The following test (which you cannot execute via the public API) fails:
@Test
public void parserWithLimitedPatterns(){
List<String> rules = Arrays.asList(
"(?<year>\\d{4})\\W{1}(?<month>\\d{1,2})\\W{1}(?<day>\\d{1,2})[^\\d]?",
"\\W*(?:at )?(?<hour>\\d{1,2}):(?<minute>\\d{1,2})(?::(?<second>\\d{1,2}))?(?:[.,](?<ns>\\d{1,9}))?(?<zero>z)?",
" ?(?<zoneOffset>[-+]\\d{1,2}:?(?:\\d{2})?)"
);
DateParser dateParser = new DateParser(rules, new HashSet<>(rules), Collections.emptyMap(), true, false);
String input = "2022-08-09 19:04:31.600000+00:00";
Date date = dateParser.parseDate(input);
assertEquals(parser.parseDate(input), date);
}
Note how those 3 rules should be sufficient to parse the date.
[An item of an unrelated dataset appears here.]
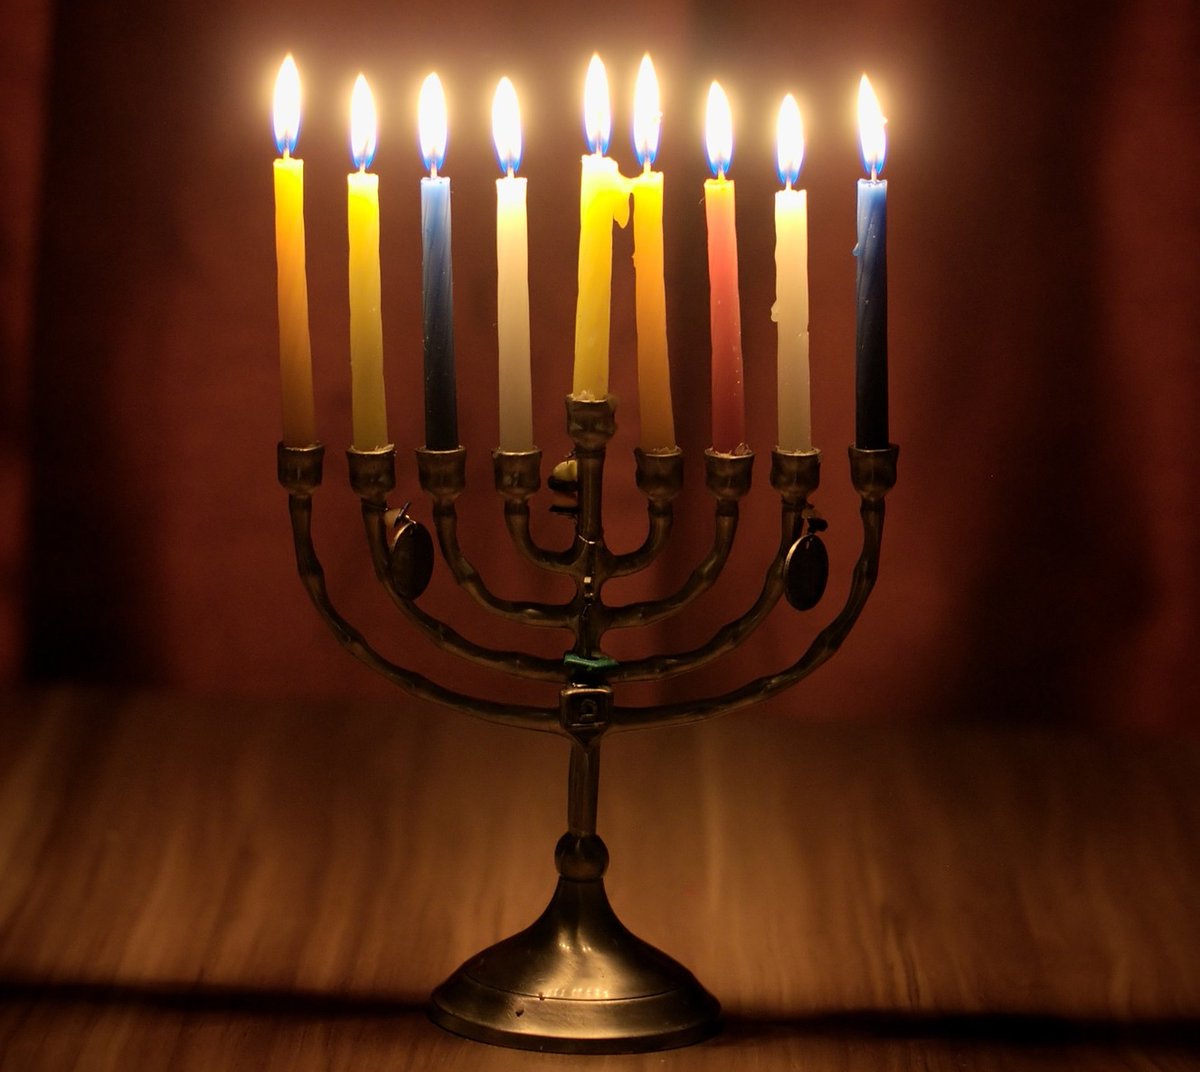 Wishing a Happy Hanukkah to all those who celebrate over the next eight nights and days!  #HanukkahSameach 

Image by Evgeni Tcherkasski, Pixabay

- There is a rule for the year-month-day part
- There is a rule for the hours:minutes:seconds.ns part
- There is a rule for the zone offset part
However, during parsing the zoneoffset rule is never used. Instead, it uses the rule for the hours twice.
The weird thing is that when I add a rule that should not be used (`" ?(?\d{4})$"), the test suddenly succeeds:
@Test
public void parserWithLimitedPatterns(){
List<String> rules = Arrays.asList(
"(?<year>\\d{4})\\W{1}(?<month>\\d{1,2})\\W{1}(?<day>\\d{1,2})[^\\d]?",
" ?(?<year>\\\\d{4})$",
"\\W*(?:at )?(?<hour>\\d{1,2}):(?<minute>\\d{1,2})(?::(?<second>\\d{1,2}))?(?:[.,](?<ns>\\d{1,9}))?(?<zero>z)?",
" ?(?<zoneOffset>[-+]\\d{1,2}:?(?:\\d{2})?)"
);
DateParser dateParser = new DateParser(rules, new HashSet<>(rules), Collections.emptyMap(), true, false);
String input = "2022-08-09 19:04:31.600000+00:00";
Date date = dateParser.parseDate(input);
assertEquals(parser.parseDate(input), date);
}
The position where I add that additional rule is important. For example adding it at the end of the list instead of at index 1 makes the test fail again.
I bumped into this issue for PR #28 , where I try to reduce the number of rules that are used for parsing to improve the performance.